Sandakan Peninsula
- Location of Sandakan Peninsula in Sabah
- Etymology: Semenanjung Sandakan

Geography
- Location: Sandakan Division
- Coordinates: 5°54′24.583″N 117°58′33.498″E﻿ / ﻿5.90682861°N 117.97597167°E
- Archipelago: Maritime Southeast Asia
- Adjacent to: Sulu Sea

Administration
- Malaysia
- State: Sabah

= Sandakan Peninsula =

Peninsula in Sabah, Malaysia

The Sandakan Peninsula (Semenanjung Sandakan) is a peninsula in Sandakan District, Sabah, Malaysia. It consists of broad coastal and forested areas.

== Geology ==
The tectonic of the peninsula started from Oligocene to Early Miocene, followed by deformation from Early Miocene to Middle Miocene that resulted in the opening of Sulu Sea and widening of Sandakan Basin. The rifting stopped in Late Miocene to early Pliocene which caused a major uplift around the Sandakan Peninsula with heavy erosion. The Upper Miocene formation dominates the eastern area of the peninsula with two main lithologies of sandstone and mudstone.

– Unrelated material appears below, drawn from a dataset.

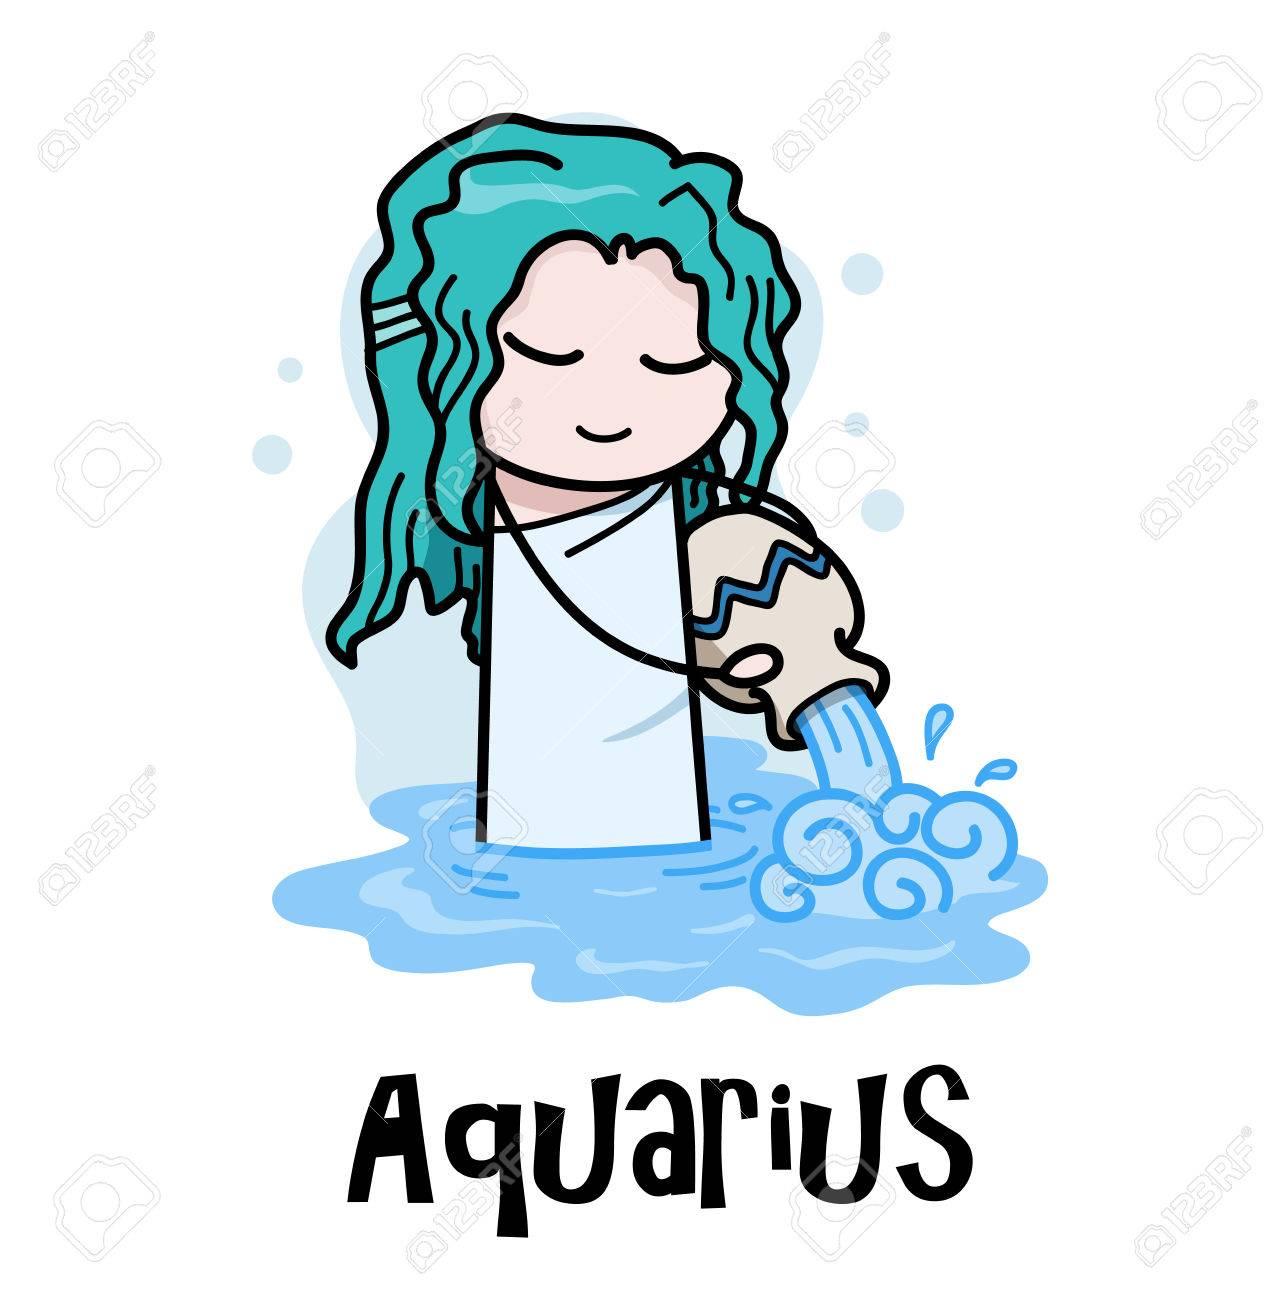 https://previews.123rf.com/images/lemonadeserenade/lemonadeserenade1703/lemonadeserenade170300010/73255655-aquarius-zodiac-a-hand-drawn-vector-cartoon-illustration-of-aquarius-zodiac-the-water-bearer-.jpg

== Climate and biodiversity ==
The western part of the peninsula received mean annual rainfall ranging from 3,000 millimetres to 3,500 millimetres while the eastern part including Sandakan town received between 2,500 millimetres to 3,000 millimetres. In the peninsula located the Kabili-Sepilok Forest Reserve which is a type of lowlands of eastern Sabah with over 90 species of mammals and 200 species of birds have been recorded inhabiting the area.